Александр от этого заявления, брошенного мимоходом, просто потерял дар речи.

Март 1580

Уильям был сбит с толку. Как всегда по воскресеньям, он отправился на главную городскую площадь Стратфорда. Это был для него один из тех редких дней, когда он мог не таясь увидеться со своей ненаглядной Анной, а если повезет, то в давке и прижаться к ней, как будто ненароком.

На площади уже собралась большая толпа, среди которой Уильям, к своему удивлению, Анны не нашел. Народ стекался сюда, чтобы посмотреть очередное театральное представление. Частыми гостями на сцене Стратфорда были столичные актеры, приезжавшие на гастроли, вернее, проезжавшие Стратфорд во время своих гастрольных туров. Не то чтобы городок пользовался большой популярностью у лондонских артистов из-за аншлагов и, следовательно, огромных сборов. Ни того, ни другого не было. Просто Стратфорд находился в самом сердце Англии. Аудитория же здесь, в отличие от большинства других английских городов, и вправду была благодарной и артистов всегда принимали на ура. А что еще нужно актеру, кроме куска хлеба да аплодисментов?

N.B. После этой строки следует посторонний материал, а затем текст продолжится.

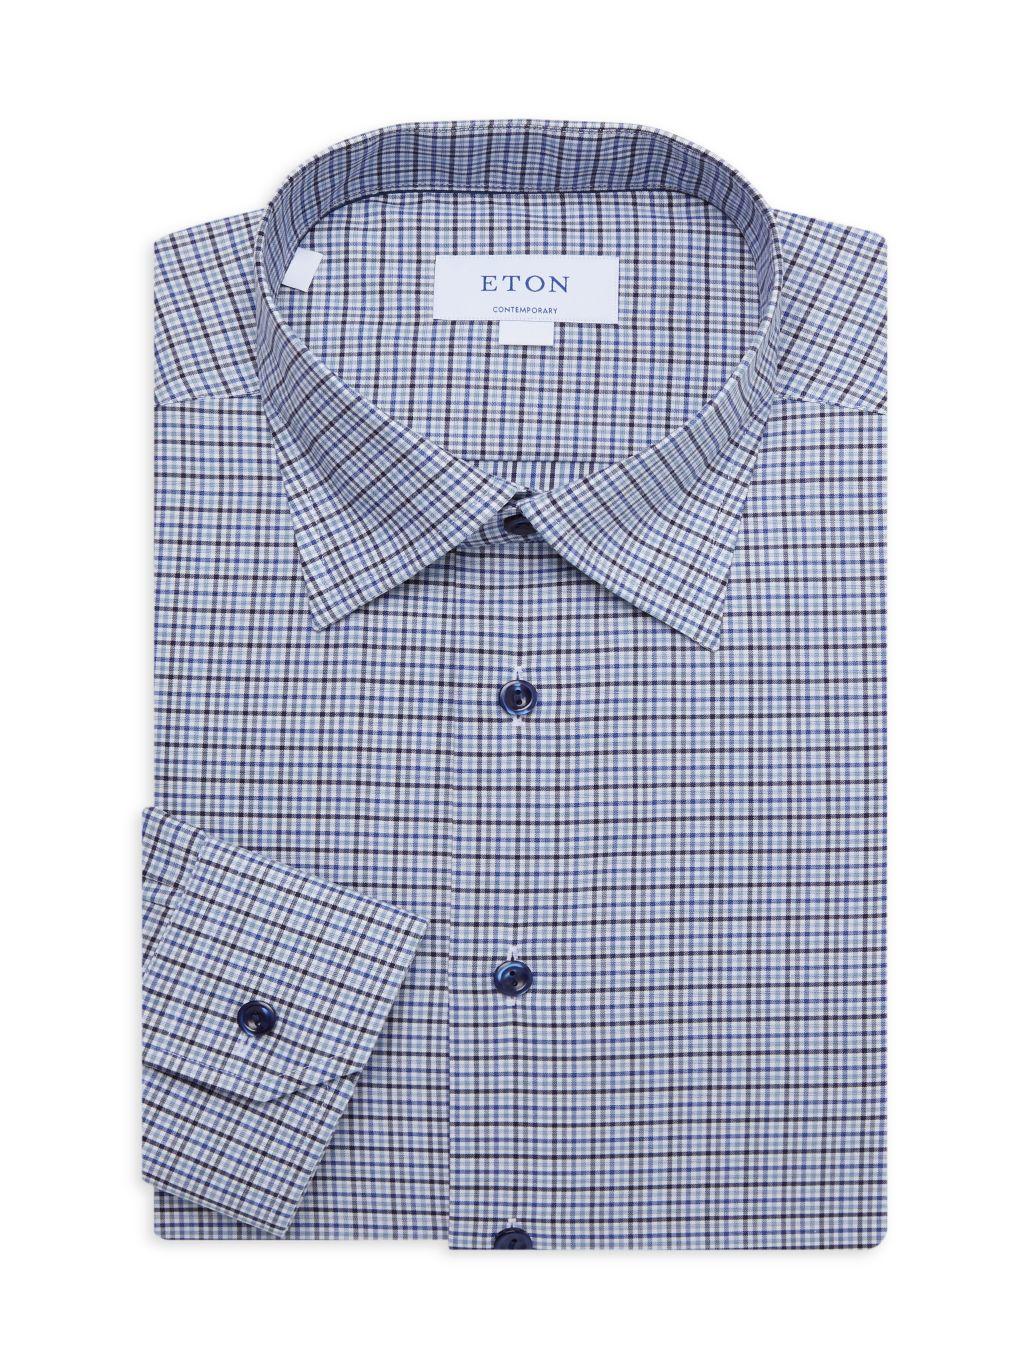 Eton Tattersall Contemporary-Fit Dress Shirt
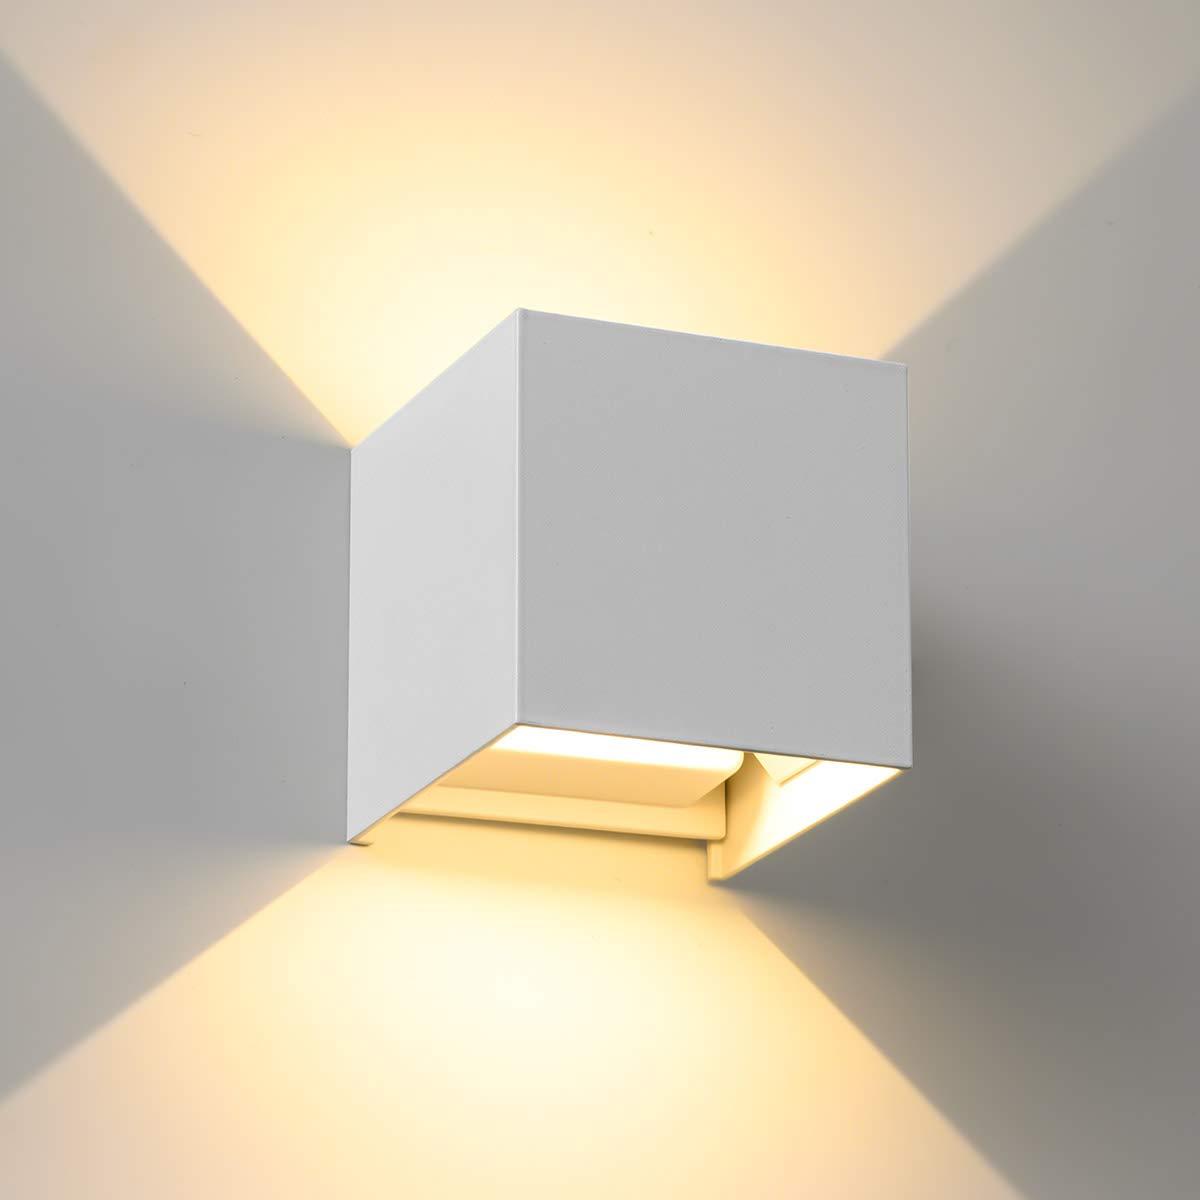 schwarz LED Wandleuchte SEALIGHT Wandlampe 7W Wandbeleuchtung IP 67 Lampe Beleuchtung 3000K Warmwei/ß Licht f/ür Innen und Au/ßenbeleuchtung Wohnzimmer Schlafzimmer Treppenhaus Flur

Впрочем, не было ничего удивительного в том, что в Стратфорде служителей Мельпомены принимали столь радушно. Просто местные жители привыкли к театральным представлениям и были, можно сказать, заядлыми театралами. Каждое воскресенье труппа актеров графа Уорвикширского показывала новое представление, если, конечно, в этот день в Стратфорд не приезжали столичные комедианты. Граф был большим поклонником театра. Он отдавал актерам в качестве реквизита свои поношенные камзолы и шляпы и роскошные, но вышедшие из моды наряды жены. Специально для новых представлений он заказывал у портных театральные костюмы, не скупился на яркие декорации и сооружение различных приспособлений, позволявших поднять актера высоко над сценой или, наоборот, скрыть его под ней. Сама же сцена была построена таким образом, что ее средняя часть вращалась – это помогало создавать иллюзию движения. В общем, на свою забаву-хобби граф денег не жалел, и его театр мог соперничать даже со столичными сценами.